Tuesday, August 3, 2010

The News of Today

My mother had e-mailed me and told me he wasn't doing well. I didn't think much more about it until I received an e-mail from Kristi today. Jim Duchane passed away.

Sitting in my windowless office I found my eyes misting with tears. I had work to do, but memories and thoughts were going through my mind. There were least four feet of snow on the ground in Concord, New Hamshire where I saw him last. He talked of the expense of heating his house with kerosene. It seems homeowners in New Hampshire always talk about the expense of heating their homes in the winter, just as Californians always seem to talk about money. I had asked him, as I often ask people, how he had met his wife.

Brother Duchane had fallen in love with a spunky, red-headed, Mormon woman many years ago. She was a security guard and he said she could beat the tar out of anyone. He was smitten. Even years later I could see that he was so taken by this woman who could beat up anyone.

I met Brother Duchene at church as a child. His two girls who were still children when I left for college. The summer after my mission, I visited a small branch in Northern New Hampshire where Branch President Duchene and his family are now attending. His oldest daughter is now soon leaving to attend college and wants to study forensics, and there was MG, his wife. My eyes are now misting as I think about MG.

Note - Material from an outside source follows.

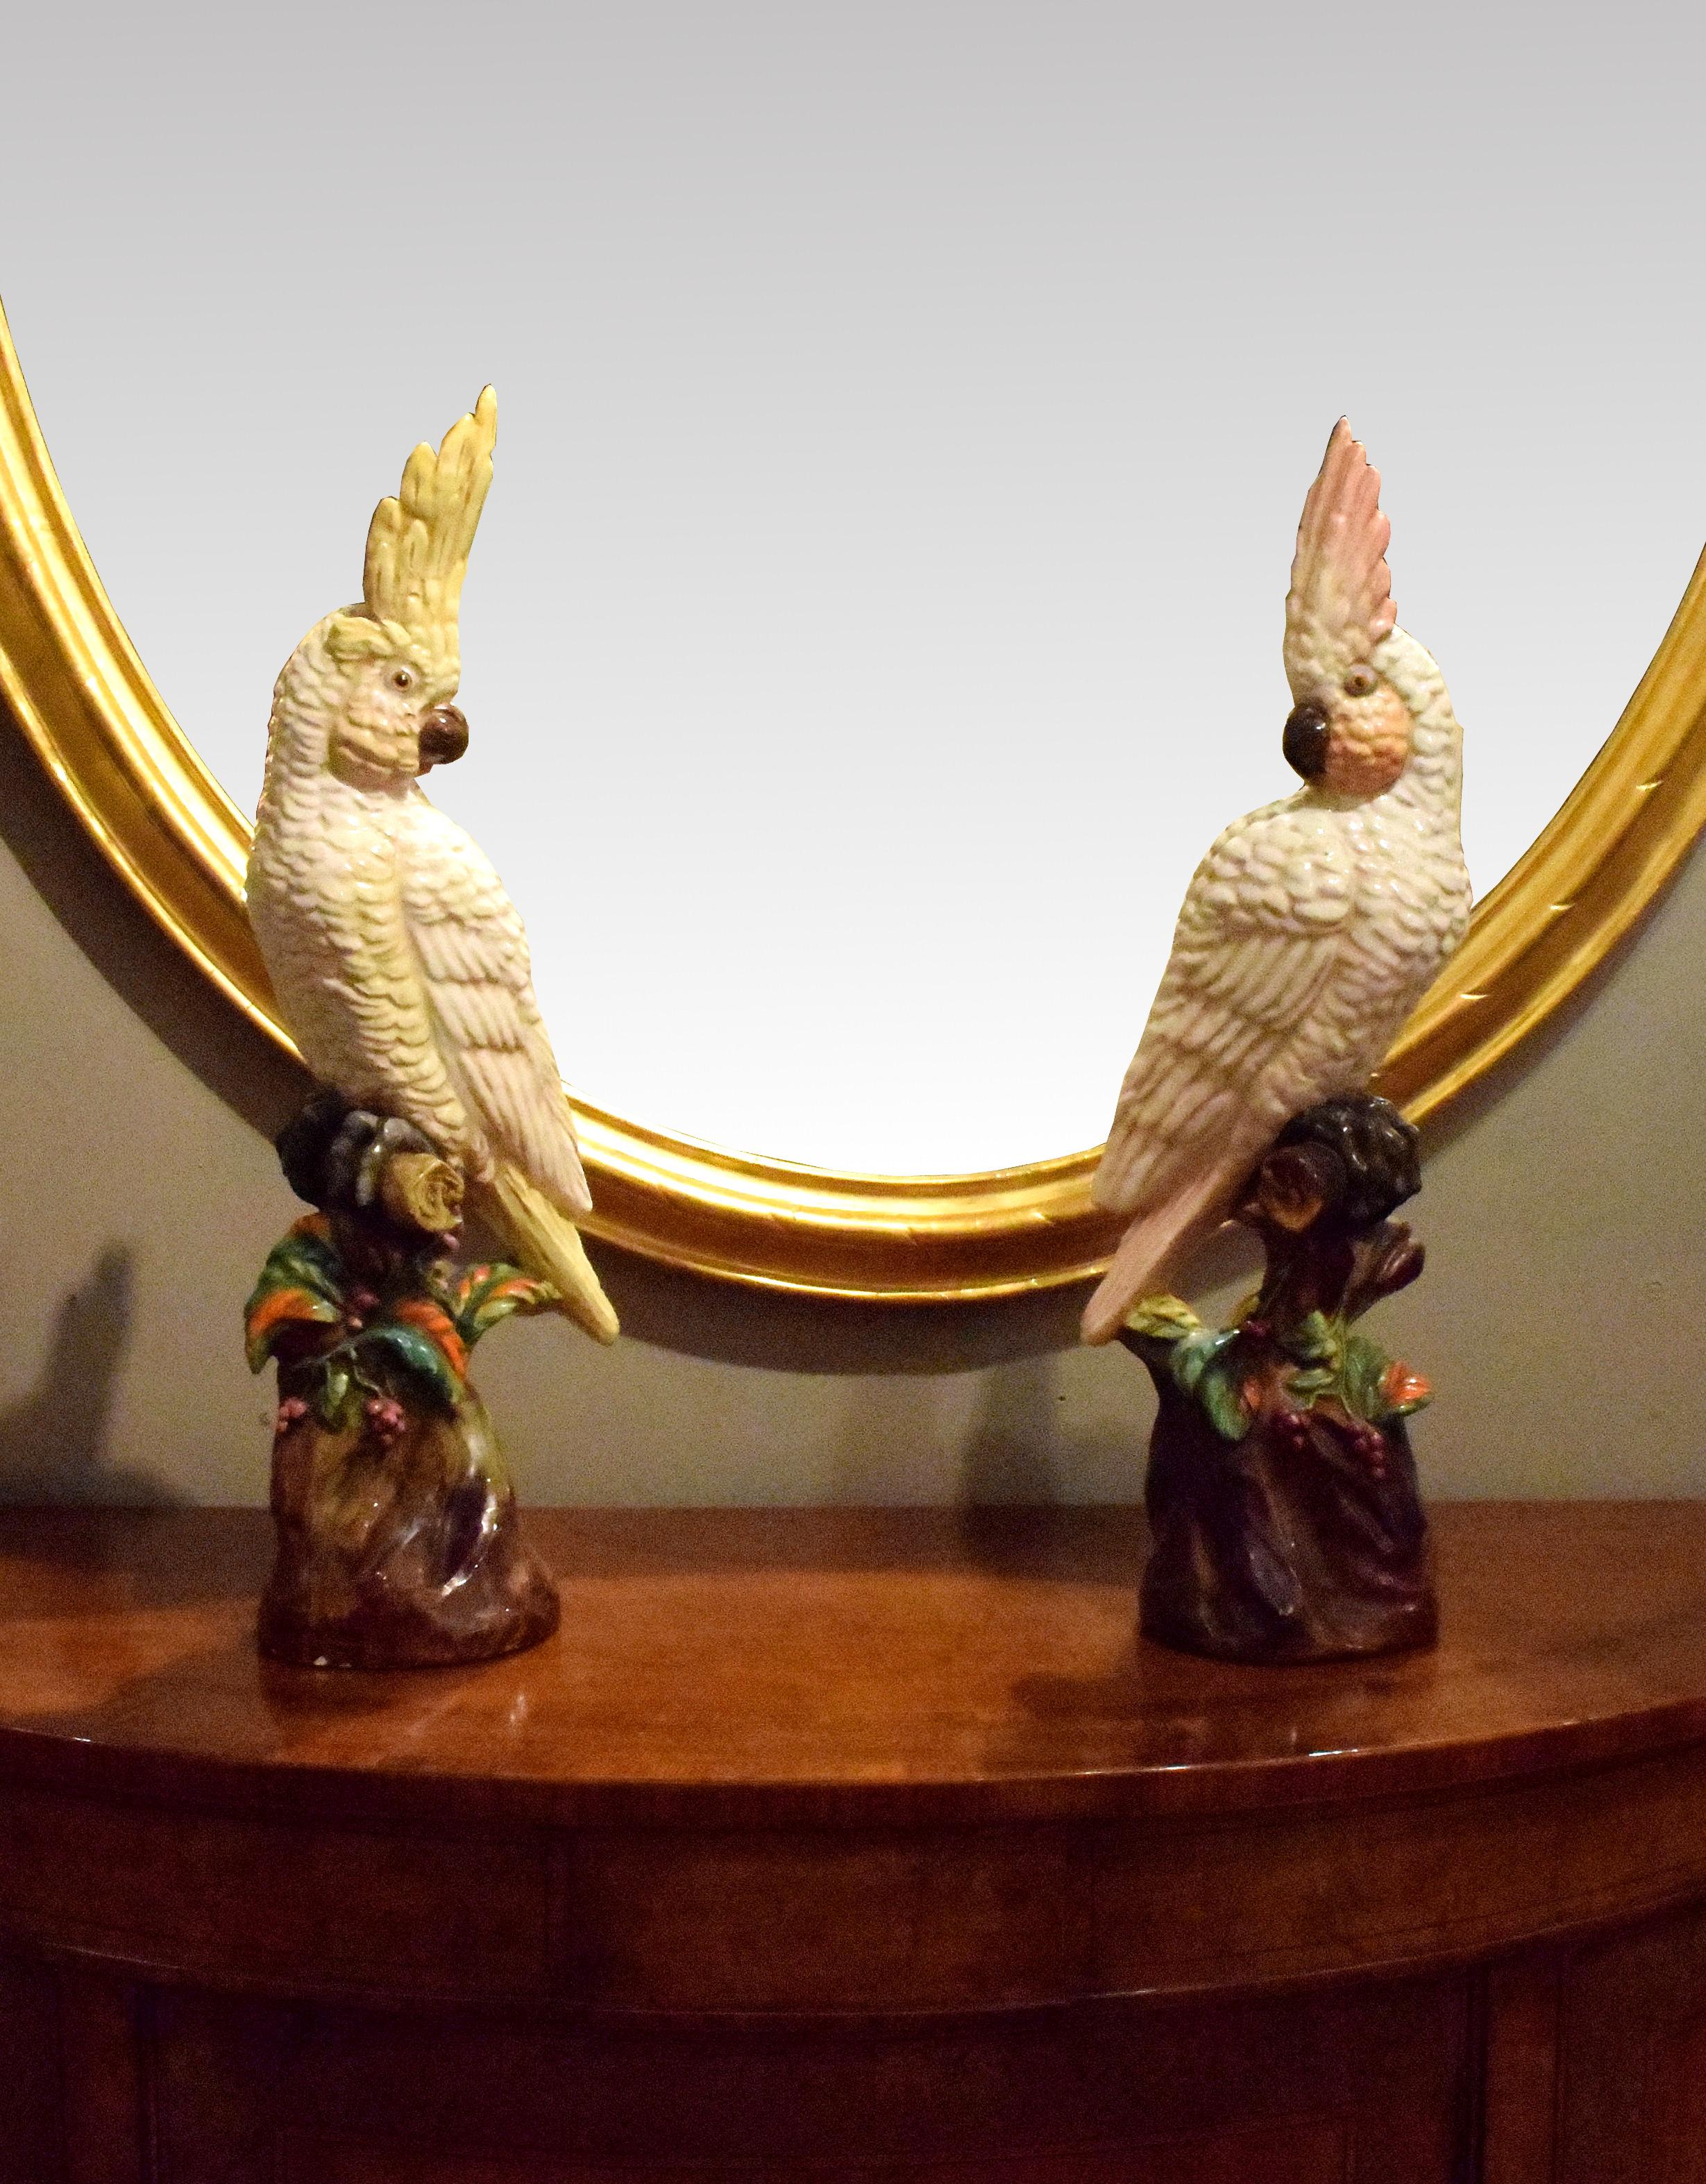 High Victorian 19th Century Ceramic Animalier Sculpture of a Pair of Cockatoos

MG was my primary teacher when I was a child. She loved being in Primary because her energy level matched ours. She never belonged in Relief Society, she belonged with us. She gave us homemade pies if we attended her class with perfect attendance each month. Month after month she delivered my pie to my home.

I remember the first time I came to know of this person called MG. I went with my mother to the Mother-Daughter Homemaking meeting. It seemed everyone would talk about this woman MG, old women, young women, everyone seemed to adore her. The first time I saw her she hugged an old woman. She is the spunky red-headed security guard who could beat anyone up, the woman who made Brother Duchane's eyes glow with the memory of first meeting her. How she must be missing him.

An hour or so later I am distracted by my phone signaling that I have a text. It is Deborah, my beautiful trainer from my mission, announcing the birth of her third child. I text back a quick congratulations and letting her know how proud I am of her accomplishment in bringing this child into the world. How happy she must be for her new daughter.

3 comments:

Julianne said...

And that's life... the good the bad and the ugly. I'm sorry for your loss and yet happy for the new baby born. That must be how you're feeling. Thinking about you! Love you tons!

Letty said...

Wow Chantal...you can write! I really liked the feel of the language in this entry, and the juxtaposition of life and death.

Letty said...

Wow Chantal...you can write! I really liked the feel of the language in this entry, and the juxtaposition of life and death.